My big reason for coon trapping down here is to help the turkey population, by thinning out the little egg raiders.  I only set two traps at a time so I don't get even three in a night, and I can pace myself.  I don't want to trap them out, I just want to keep 'em under control and give the local turkeys a better chance.  I've seen more turkeys this deer season, and am looking forward to March 1st.


----------



## Murphy (Feb 5, 2011)

fireretriever said:


> Who pays you?



Plantation owners/land owners


----------



## Dead Eye Eddy (Feb 5, 2011)

I don't have a dog in this fight since I don't coon hunt.  That said, you guys that do know better than I do.  I wish we could go back to the days before the deer limit was raised from 5 to 8 to 12.  I used to see lots of deer, but not anymore.


----------



## GA DAWG (Feb 5, 2011)

Dead Eye Eddy said:


> I don't have a dog in this fight since I don't coon hunt.  That said, you guys that do know better than I do.  I wish we could go back to the days before the deer limit was raised from 5 to 8 to 12.  I used to see lots of deer, but not anymore.

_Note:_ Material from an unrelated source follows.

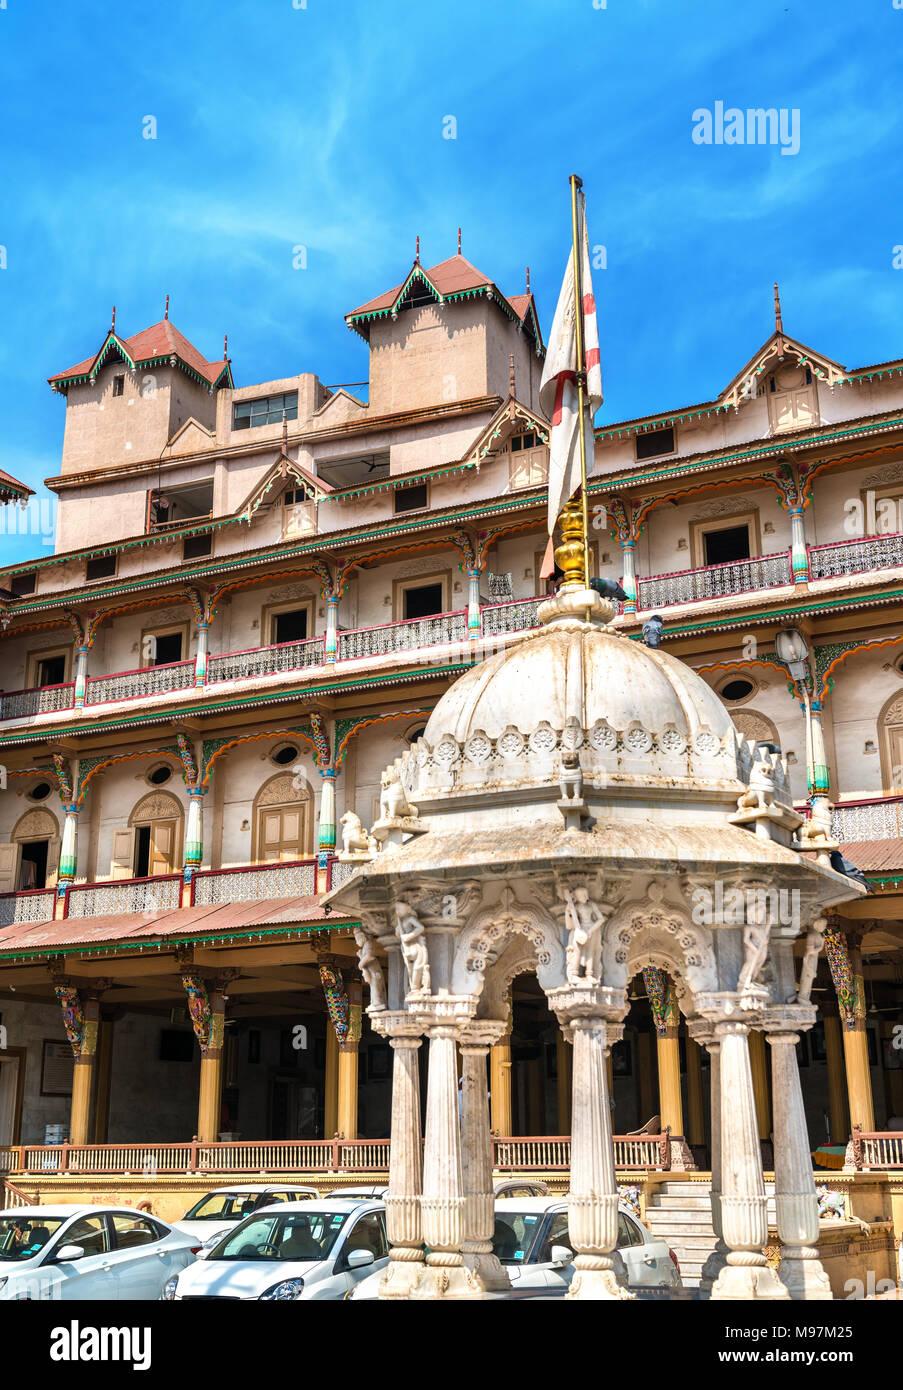 Kalupur Swaminarayan Mandir, a hindu temple in the old city of Ahmedabad - Gujarat State of India - Stock Image

Your right!!!!!! We dont see lots of coon now up here in north Ga..We are not like the southern coon zone when it comes to population..We dont need a higher limit or trapping if they dont have a limit..Thats stupid! I'm against it!


----------



## Lil D (Feb 5, 2011)

I'm just saying, on my private drops I don't shoot the first coon but on WMA's I shoot 1 or 2 coons out.  One way I like to look at is if you shoot one tonight, that will be one less you tree tomorrow night. I live in south Georgia and going by what ya'll north Georgia coonhunters say, ya'll are thin in coons, but where I live we are not thin by no means.


----------



## Flaustin1 (Feb 5, 2011)

GA DAWG said:


> Your right!!!!!! We dont see lots of coon now up here in north Ga..We are not like the southern coon zone when it comes to population..We dont need a higher limit or trapping if they dont have a limit..Thats stupid! I'm against it!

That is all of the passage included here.